2. How do you address security concerns?
To secure data stored in Hadoop, BigInsights security architecture uses both private
and public networks to ensure that sensitive data, such as authentication information
and source data, is secured behind a firewall. It uses reverse proxies, LDAP and PAM
authentication options, options for on-disk encryption (including hardware, file
system, and application based implementations), and built-in role based authorization.
User roles are assigned distinct privileges so that critical Hadoop components cannot
be altered by users without access.
But there is more. After all, if you are storing data in an RDBMS or HDFS, you’re
still storing data.
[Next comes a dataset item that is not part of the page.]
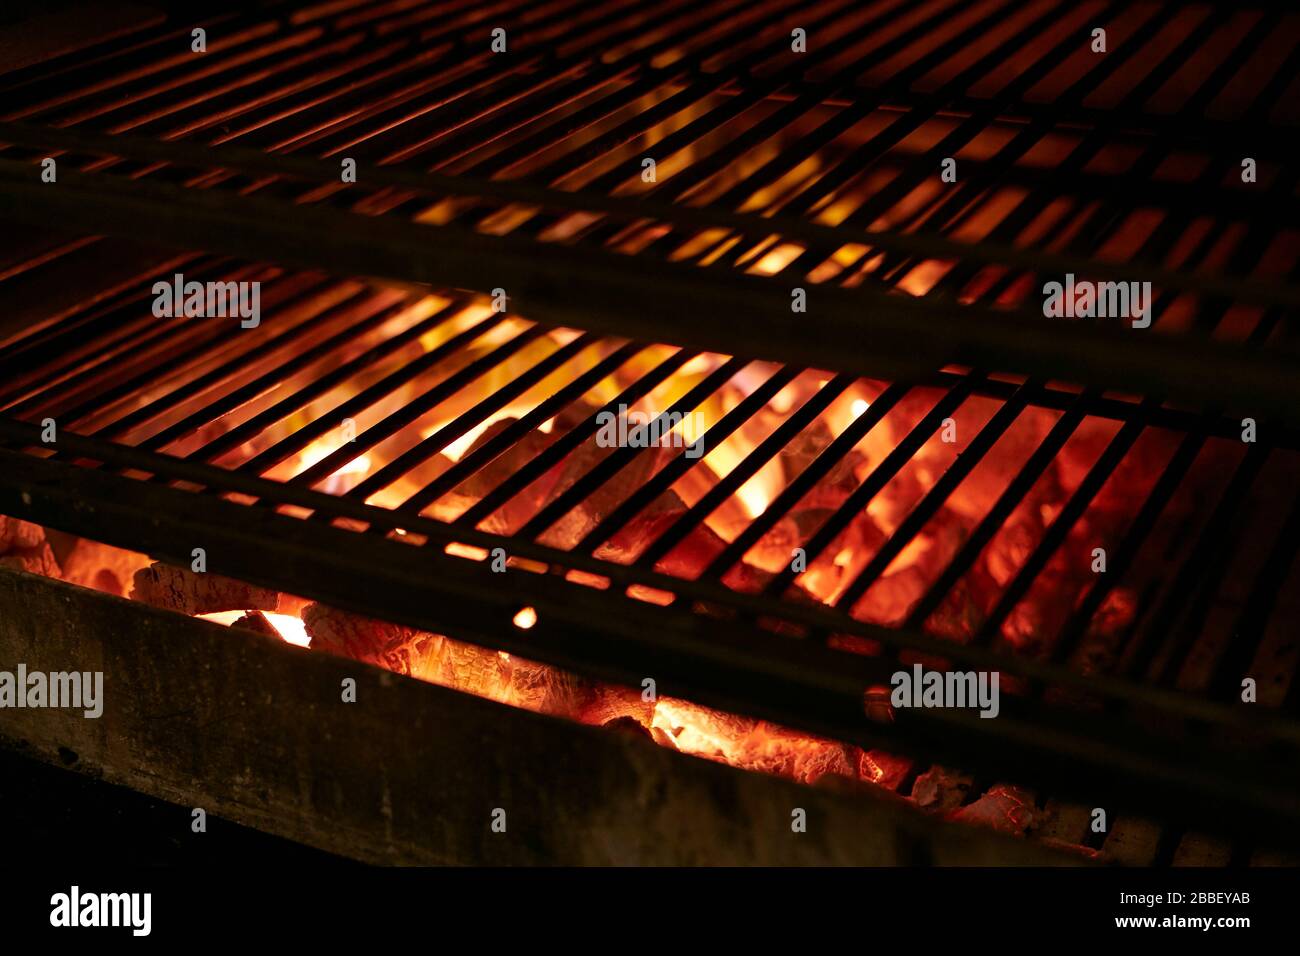 Parrilla barbacoa caliente carbón caliente brillan calor caliente Foto de stock

Yet so many don’t stop to think about it. We have a rich portfolio of
data security service and work with Hadoop (or soon will). For example, test data
management, data masking, and archiving services in our Optim family. In addition,
InfoSphere Guardium provides enterprise-level security auditing capabilities and
database activity monitoring (DAM) for every mainstream relational database I can
think of; well don’t you need a DAM solution for data stored in Hadoop to support
the many current compliance mandates in the same manner as traditional structured
data sources. Guardium provides a number of pre-built reports that help you
understand who is running what job, are they authorized to run it, and more. If you
ever tried to work with Hadoop’s ‘chatty’ protocol, you know how tedious this would
be to do on your own, if at all. Guardium makes it a snap.
3. How do you provide multi-tenancy on Hadoop? How do you implement multiple unrelated workloads in Hadoop?
While Hadoop itself is moving toward better support of multi-tenancy with Hadoop
2.0 and YARN, IBM already offers some unique capabilities in this area.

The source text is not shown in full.